Figure 4.3: Residual Plot for Regression of Weight on Height


The panel of regression diagnostics in Figure 4.4 provides an even more detailed look at the model-data agreement. The graph in the upper left panel repeats the raw residual plot in Figure 4.3. The plot of the RSTUDENT residuals shows externally studentized residuals that take into account heterogeneity in the variability of the residuals. RSTUDENT residuals that exceed the threshold values of $\pm 2$ often indicate outlying observations. The residual-by-leverage plot shows that two observations have high leverage—that is, they are unusual in their height values relative to the other children. The normal-probability Q-Q plot in the second row of the panel shows that the normality assumption for the residuals is reasonable.
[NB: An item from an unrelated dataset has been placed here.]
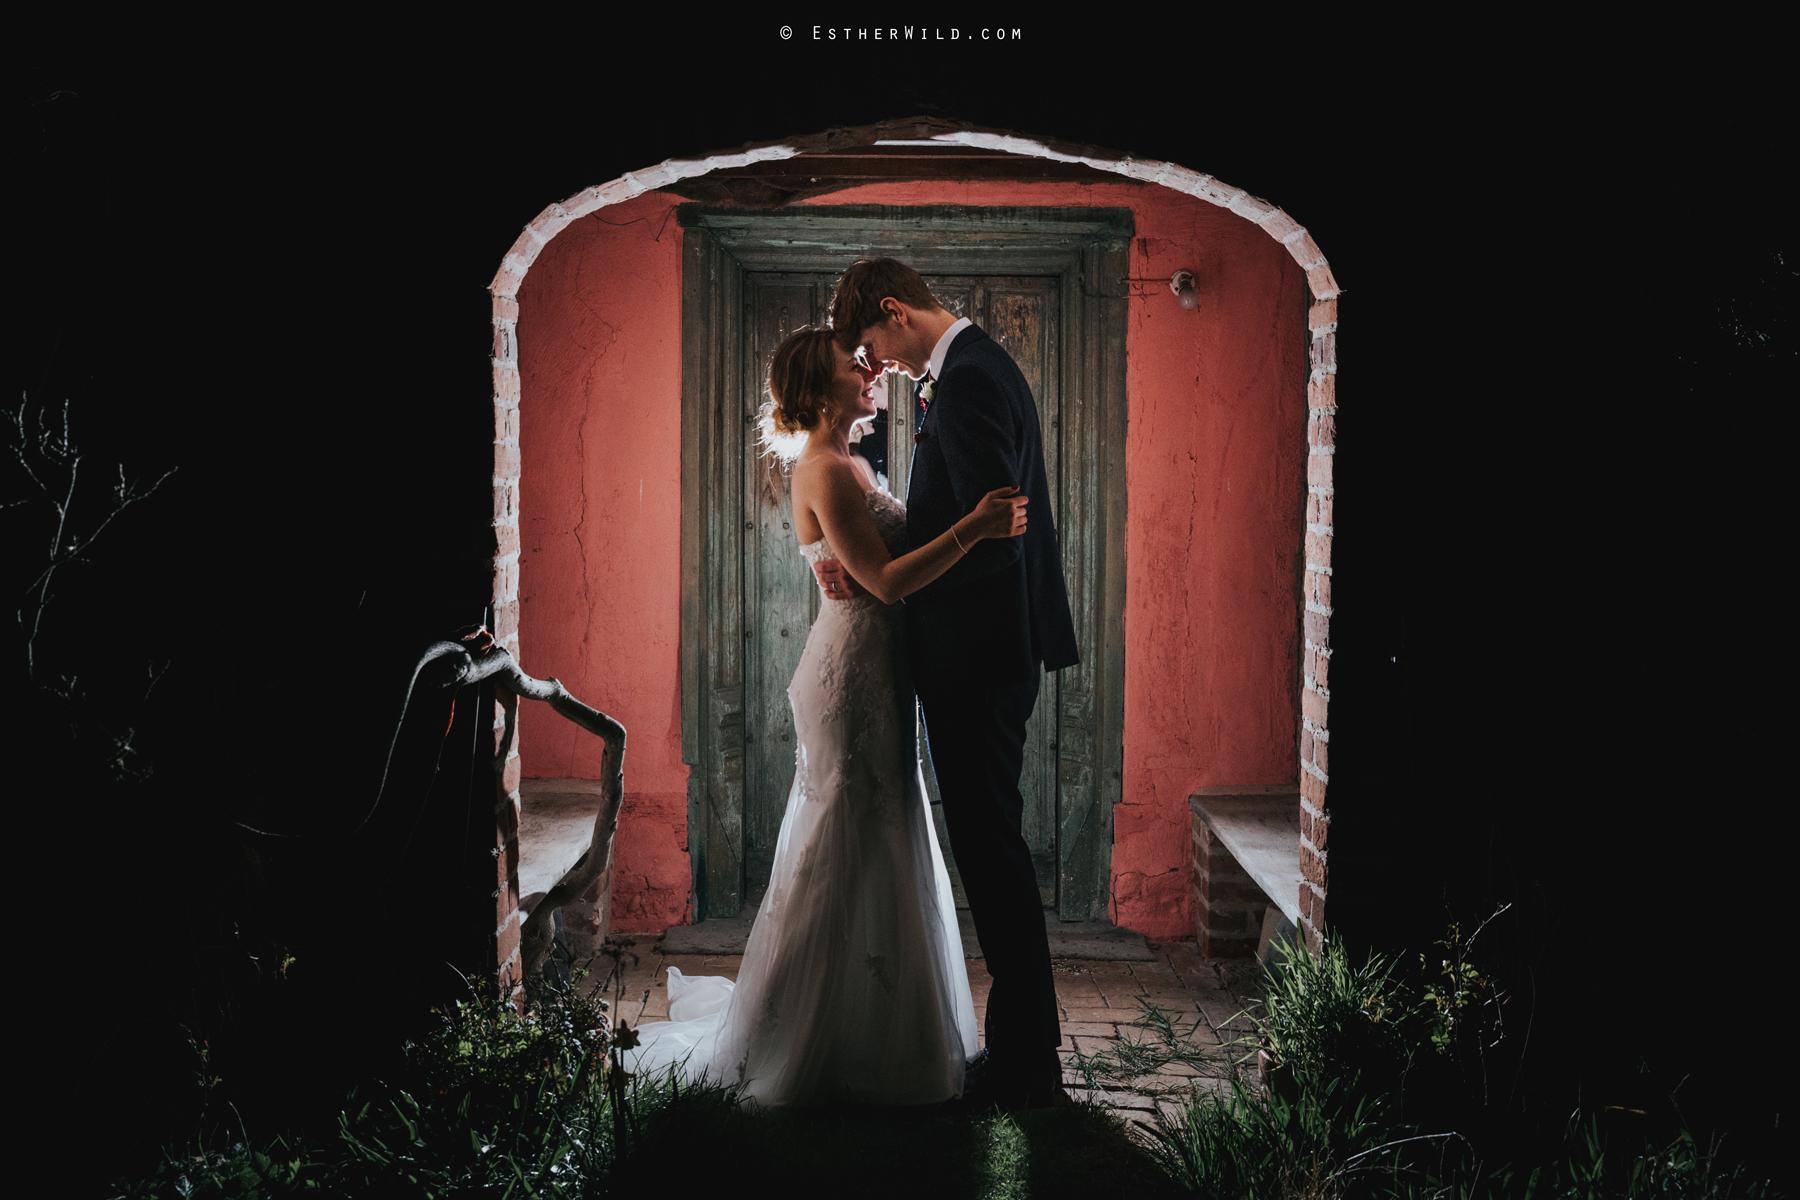 Glebe_Farm_Barn_Rustic_Norfolk_Wedding_Esther_Wild_Photographer_Copyright_IMG_3314.jpg
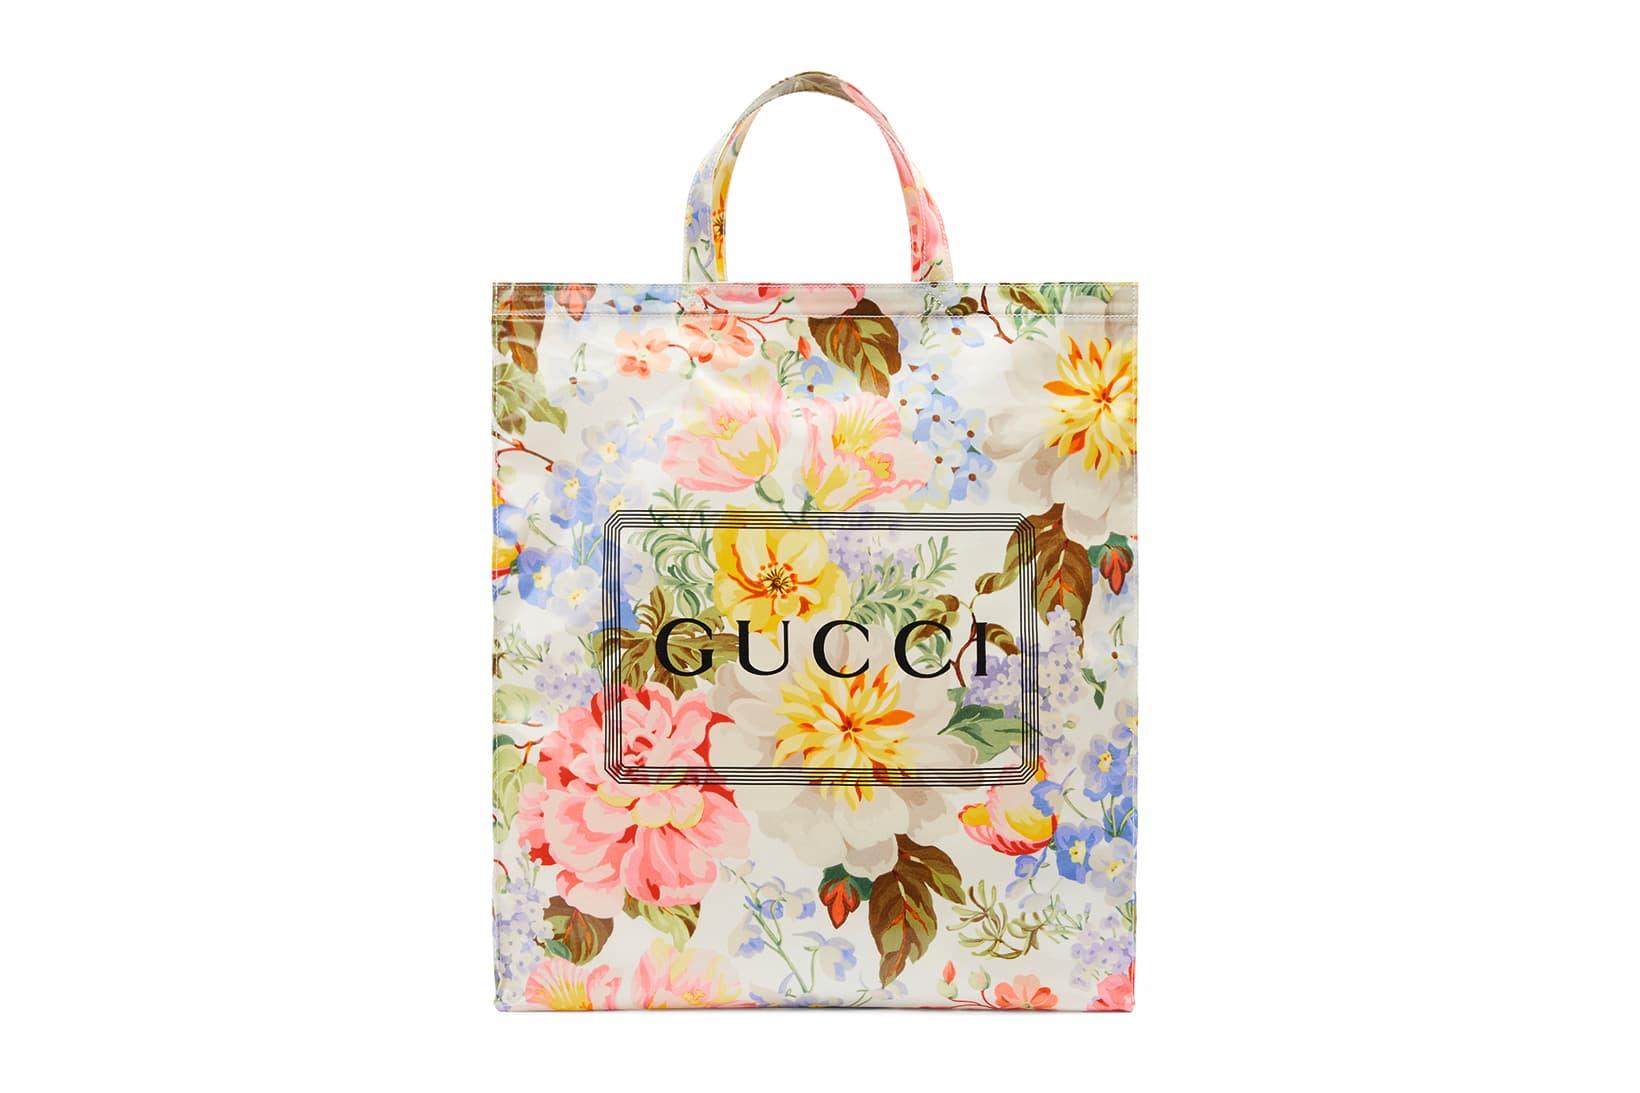 Gucci Shopper Tote Bags Floral & Check Pattern   HYPEBAE

The plot of the Cook’s D statistic shows that observation 15 exceeds the threshold value, indicating that the observation for this child has a strong influence on the regression parameter estimates.

Figure 4.4: Panel of Regression Diagnostics


For more information about the interpretation of regression diagnostics and about ODS statistical graphics with PROC REG, see Chapter 83: The REG Procedure.
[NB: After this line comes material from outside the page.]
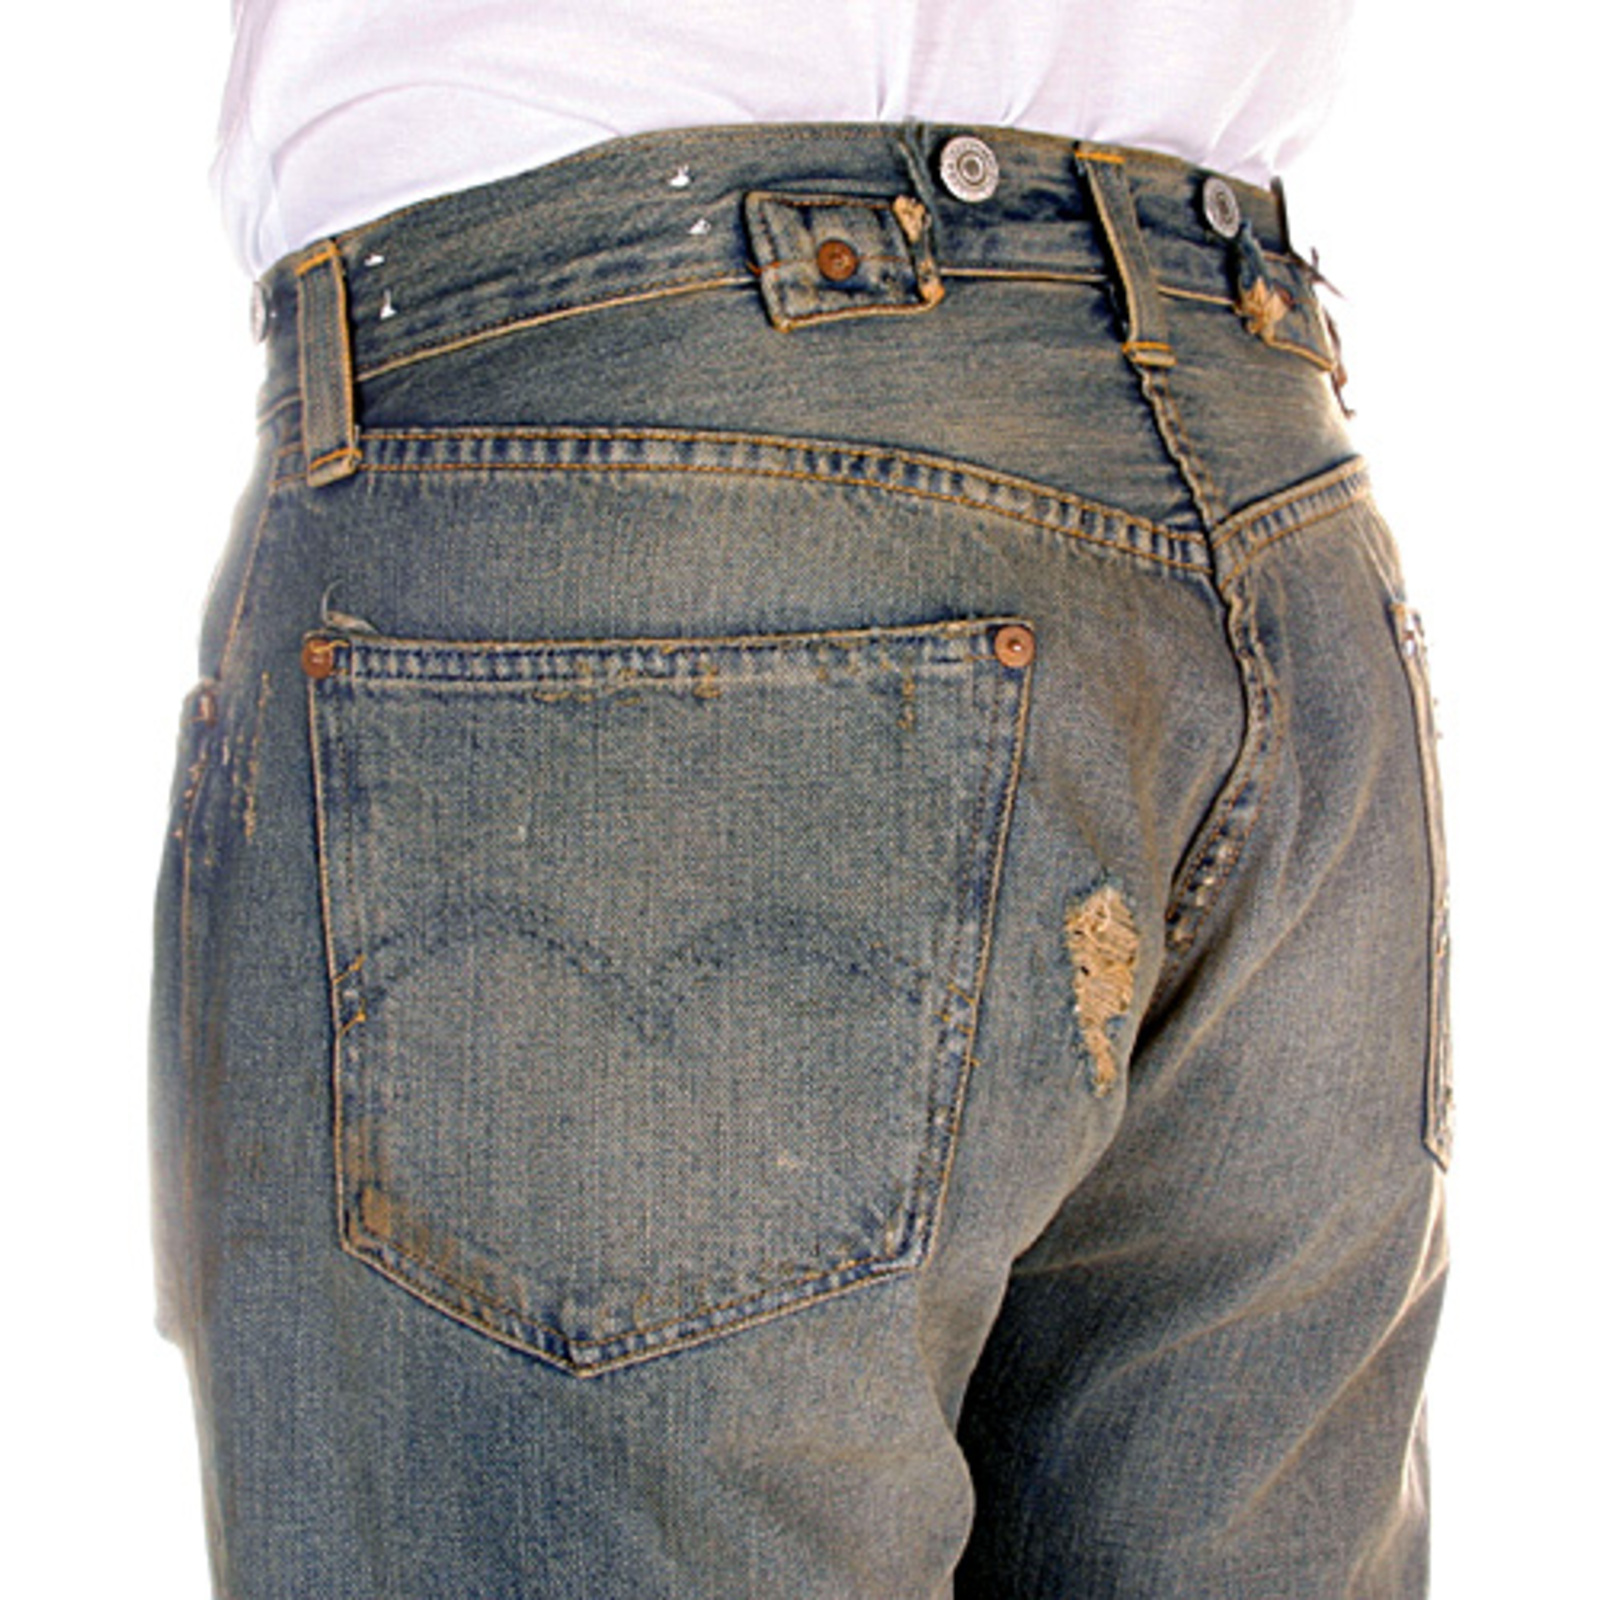 levis jeans vintage mens 1933 501 loose fit limited

SAS/STAT regression procedures produce the following information for a typical regression analysis:

  • parameter estimates that are derived by using the least squares criterion

  • estimates of the variance of the error term

  • estimates of the variance or standard deviation of the sampling distribution of the parameter estimates

  • tests of hypotheses about the parameters

SAS/STAT regression procedures can produce many other specialized diagnostic statistics, including the following:

  • collinearity diagnostics to measure how strongly regressors are related to other regressors and how this relationship affects the stability and variance of the estimates (REG procedure)

  • influence diagnostics to measure how each individual observation contributes to determining the parameter estimates, the SSE, and the fitted values (GENMOD, GLM, LOGISTIC, MIXED, NLIN, PHREG, REG, and RSREG procedures)

  • lack-of-fit diagnostics that measure the lack of fit of the regression model by comparing the error variance estimate to another pure error variance that does not depend on the form of the model (CATMOD, LOGISTIC, PROBIT, and RSREG procedures)

  • diagnostic plots that check the fit of the model (GLM, LOESS, PLS, REG, RSREG, and TPSPLINE procedures)

  • predicted and residual values, and confidence intervals for the mean and for an individual value (GLIMMIX, GLM, LOESS, LOGISTIC, NLIN, PLS, REG, RSREG, TPSPLINE, and TRANSREG procedures)

  • time series diagnostics for equally spaced time series data that measure how closely errors might be related across neighboring observations. These diagnostics can also measure functional goodness of fit for data that are sorted by regressor or response variables (REG and SAS/ETS procedures).

Many SAS/STAT procedures produce general and specialized statistical graphics through ODS Graphics to diagnose the fit of the model and the model-data agreement, and to highlight observations that strongly influence the analysis. Figure 4.2, Figure 4.3, and Figure 4.4, for example, show three of the ODS statistical graphs that are produced by PROC REG by default for the simple linear regression model. For general information about ODS Graphics, see Chapter 21: Statistical Graphics Using ODS. For specific information about the ODS statistical graphs available with a SAS/STAT procedure, see the PLOTS option in the Syntax section for the PROC statement and the ODS Graphics section in the Details section of the individual procedure documentation.